I made this for my chool horse sports. In my school colours. It could be better but I am happy with it. It is only my first attempt. Mum used to make them and she helped me with the sharksteeth but I put the red ribbon around it and added the bling and did the rosette tonigh :wink: I have another rosette to do tomorrow night as I ran out of ribbon:-o


----------



## PintoTess (Aug 18, 2010)

Buuuump!


----------



## Can He Star (Mar 9, 2011)

well done. 
looks a bit like eddies cept neater


----------



## PintoTess (Aug 18, 2010)

Haha lol, I did try...


----------



## RedTree (Jan 20, 2010)

and thats your first attempt??

I can't even get one started lol


----------



## PintoTess (Aug 18, 2010)

Hahah lol  I like it but its not the best. Not show quality but oh well.


----------



## RedTree (Jan 20, 2010)

could you get a picture of the back of it?

Just want to see lol


----------



## PintoTess (Aug 18, 2010)

Hmmmm, yes, will do it in the morning.

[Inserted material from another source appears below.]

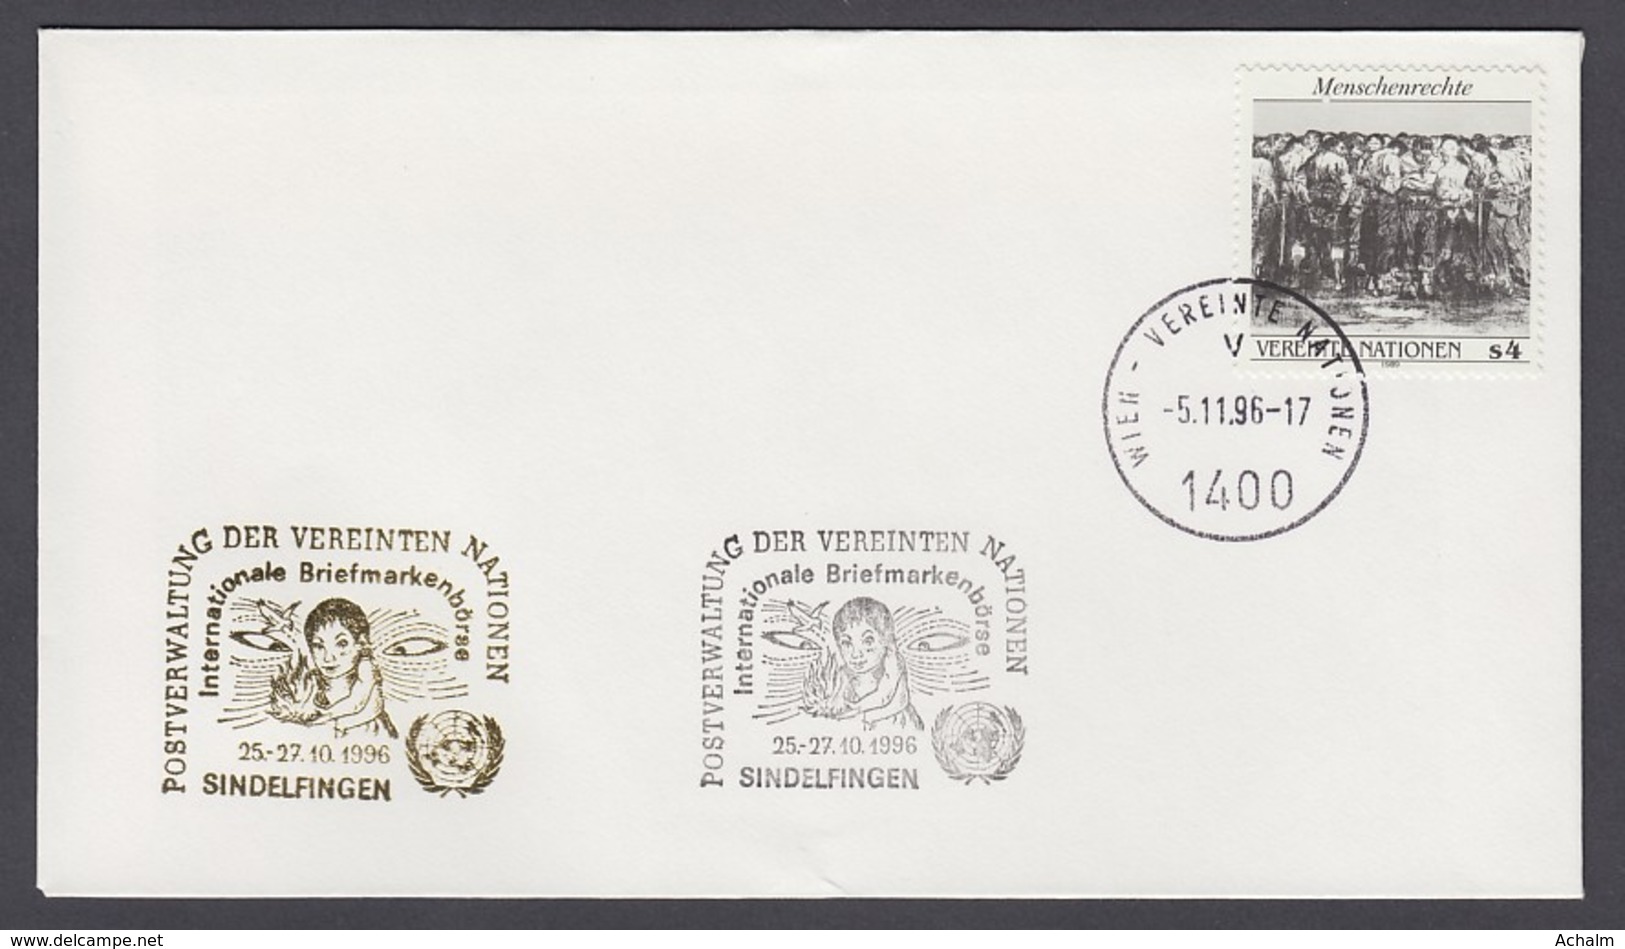 UNO Wien-UN Vienna - Beleg 1996 - MiNr. 96 - Gold-Sonderstempel - Int. Briefmarkenbörse, Sindelfingen - UNO

Although there is not anything to see, I glued a strip of ribbon across the back of it to look neater. It actaully looks like a candy cane on the back cos the red bit is wrapped around it. But yes, photos on the morning.


----------



## csimkunas6 (Apr 18, 2010)

Wow!! Thats great! I really like it! Great job!!


----------



## MIEventer (Feb 15, 2009)

Very nice, and congrats on your browband!


----------



## equiniphile (Aug 16, 2009)

Wow! You should make and sell them!


----------



## PintoTess (Aug 18, 2010)

HAHA Im not that good!


----------



## TBtrailrider (Apr 2, 2011)

That is so cute! I want one!


----------



## PumpkinzMyBaby22 (Jul 5, 2009)

That is so good! I would not even try... 
And for your first go, it looks amazing. You should make them and sell them, you have the potential! Well done!


----------



## MHFoundation Quarters (Feb 23, 2011)

Looks great! I'm sure if I even attempted to do that it would epic failure!


----------



## whiskeynoo (Mar 17, 2010)

Great job  it looks flashy


----------



## xXWildFlowerXx (May 4, 2011)

Your lucky you can do that! I'd fail at the first part, lol!


----------



## PintoTess (Aug 18, 2010)

Haha thankyou everyone  I finished it this morning and will use it tomorrow at my school horse sports. Piccies tomorrow of it on my piggy pony!


----------



## horselver1979 (Feb 14, 2011)

Ohhhh that is nice. Cant wait to see the pics when its on your pony.


----------



## olympustraining (May 5, 2011)

this is cute!


----------



## Seifur (Apr 24, 2010)

I think it looks really good!  I wish I knew how to make one lol.


----------



## PintoTess (Aug 18, 2010)

Horsewyse is a good site to learn how to make them


----------



## JessieleeZ (Apr 24, 2011)

thats really cute !


----------



## PintoTess (Aug 18, 2010)

Thankyou 

I didn't get any photos of it on my pony  Woops lol


----------